My first born came 12 hours after I took 2 tbsp of castor oil, 1 can of warm coke, and 2 soft tacos from Taco Bell.
Also, I was threatened by induction by the OB.
I can't tell you if any one thing influenced the labor to begin, (if any did at all!) or if it was just "time".
I wish you well and send labor vibes your way!

Warm regards


----------



## lorijds (Jun 6, 2002)

If we get to that point where our moms are going 2 weeks overdue, because of state and NACC regs we have few options. If we have to do an induction, we always start with castor oil.

It has worked fairly well for us. I'm surprised at the 2 ounce dose; no wonder you were so sick! We recommend to our moms 1 ounce at 8 am, repeat at noon. Typically if it is going to work, we have a baby within 24 hours. It's not going to work unless mom is mentally and physically ready to go into labor.

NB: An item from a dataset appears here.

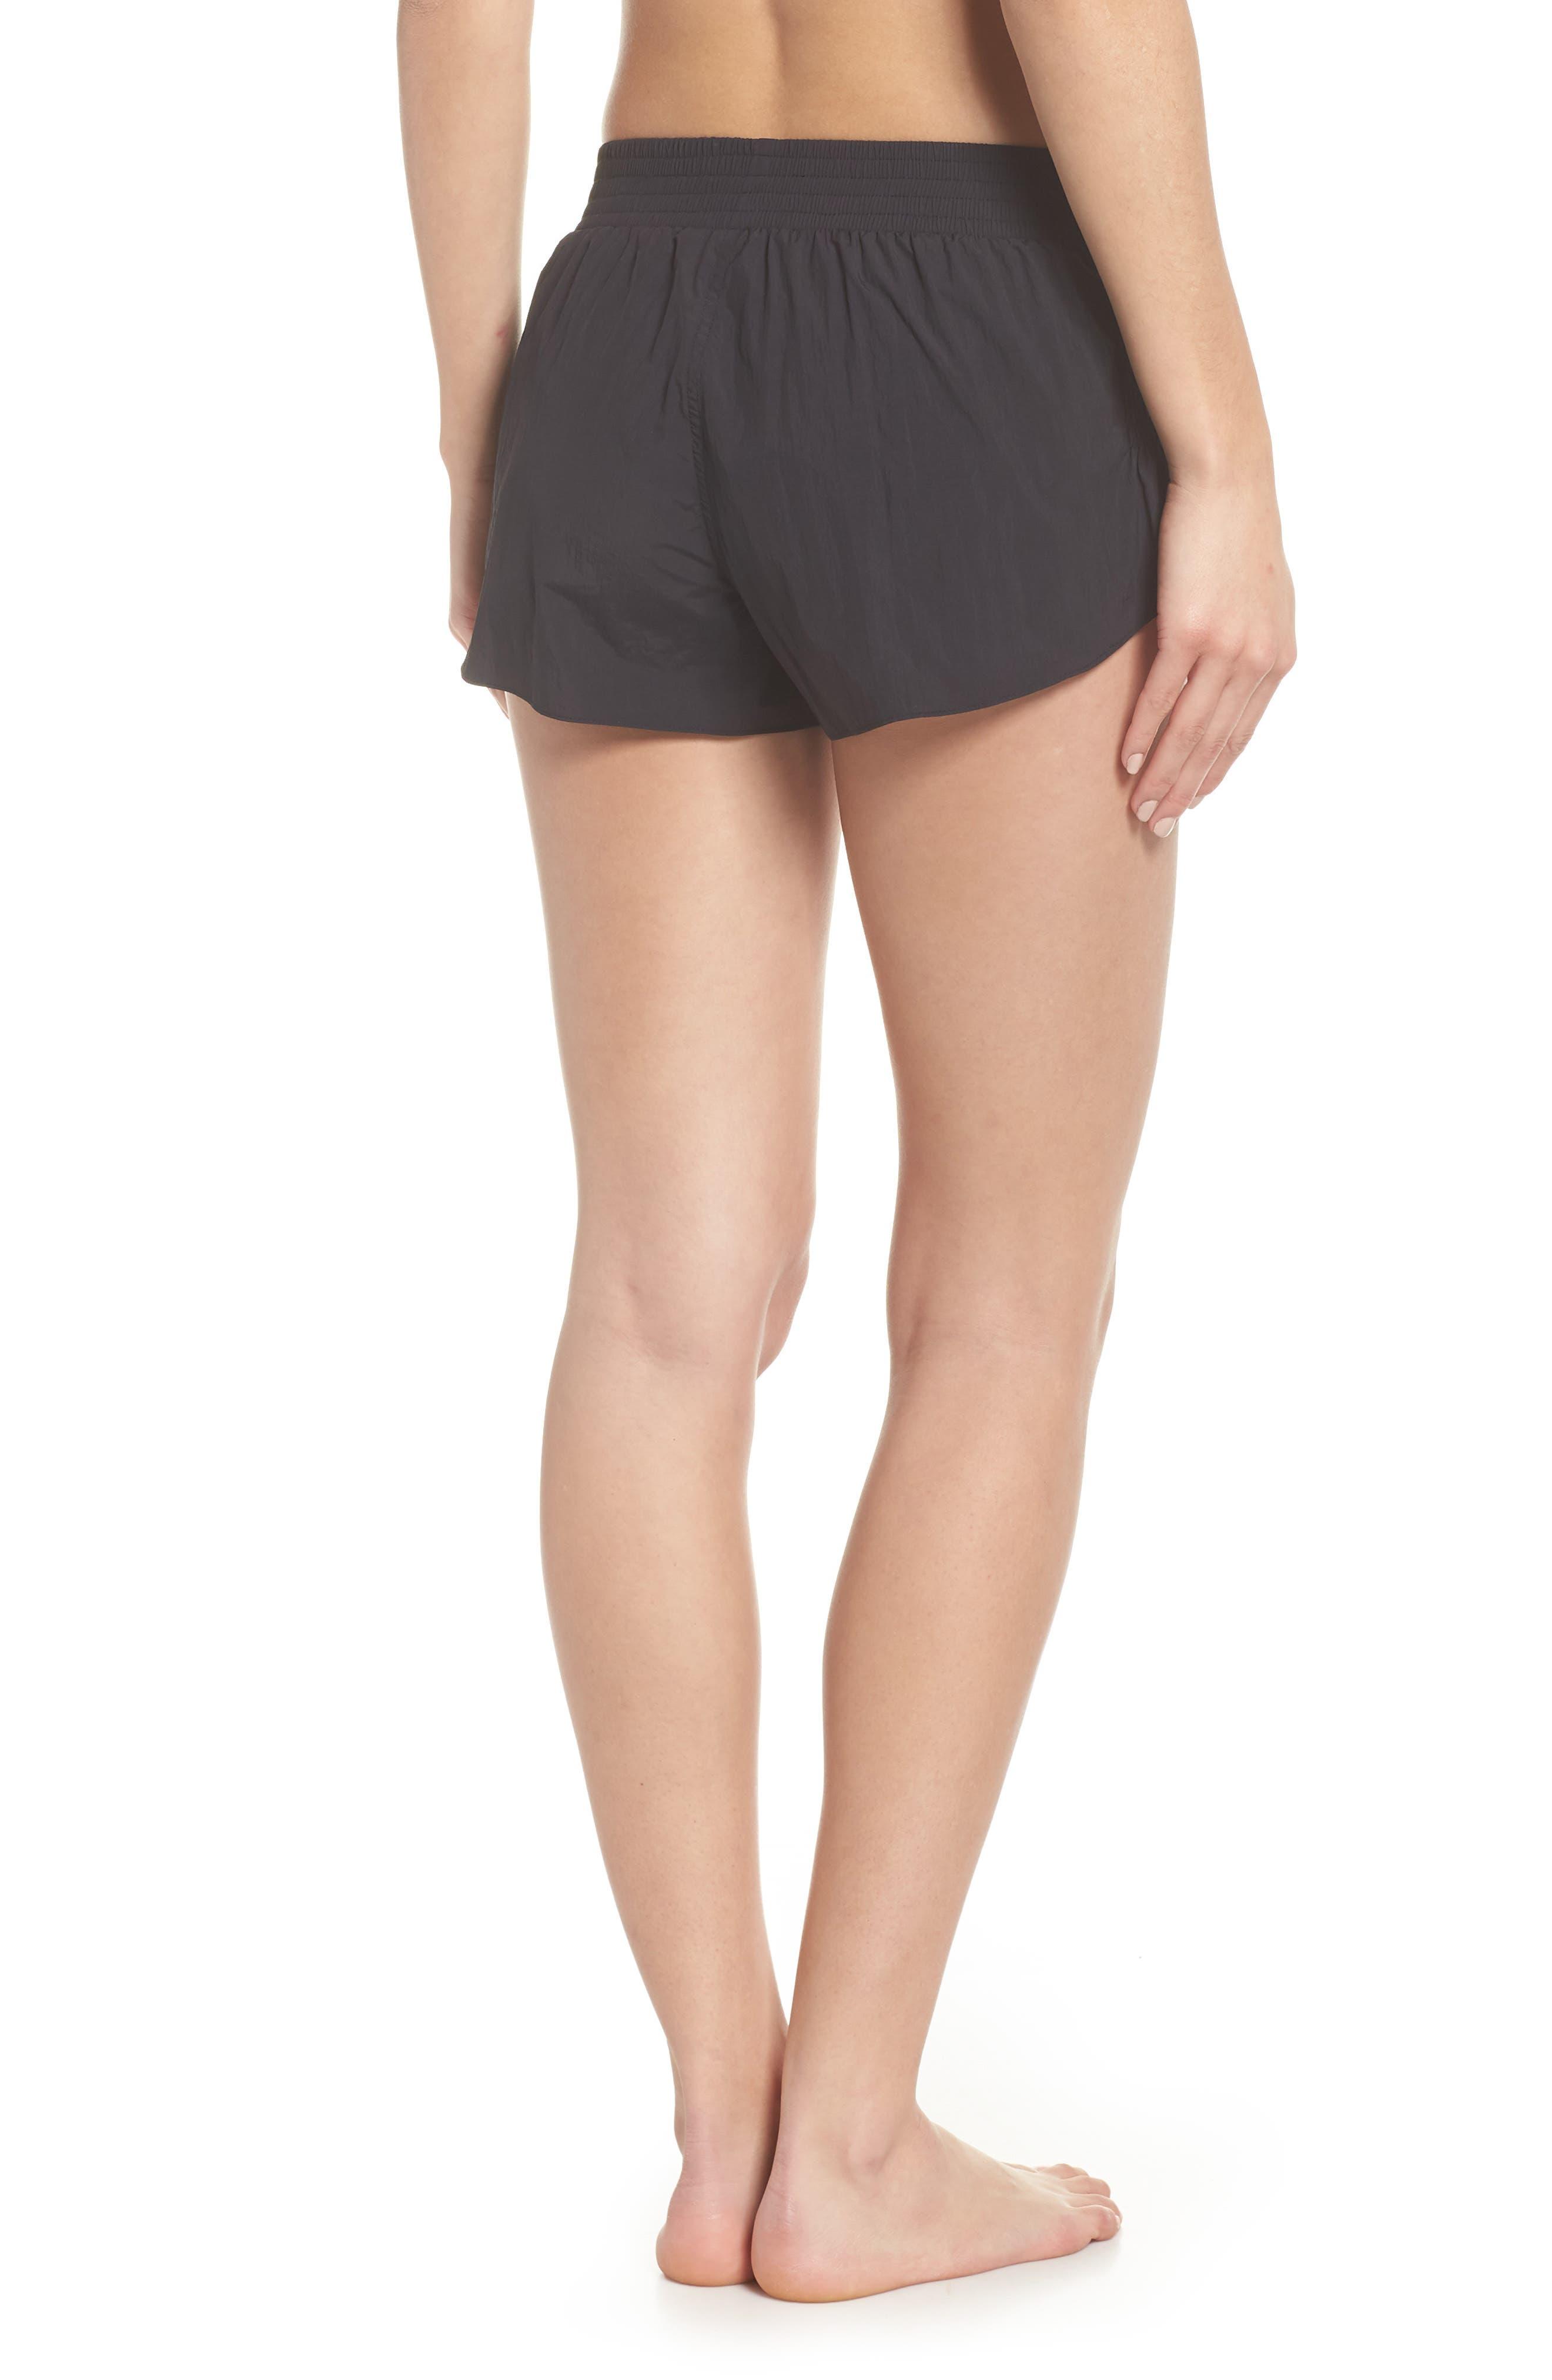 Fuji Shorts,                             Alternate thumbnail 2, color,                             001

Any induction carries risks with is (prolonged labor, failed induction, etc) and should only be used with extreme caution. I don't like doing any induction, but sometimes we get to the point where either we are looking at mom going so overdue that she can't birth at our facility, or we do some sort of induction. Luckily this doesn't come into play too often.

Our clients have mostly said that the castor oil isn't too bad; not something that they want to repeat at their leisure, but not so yucky, either. A couple have thought it was horribly disgusting.

One of my friends told me it was like drinking chapstick. But, she was happy she did it, and it resulted in a baby less than 8 hours later (first time mom).

Lori


----------



## annakiss (Apr 4, 2003)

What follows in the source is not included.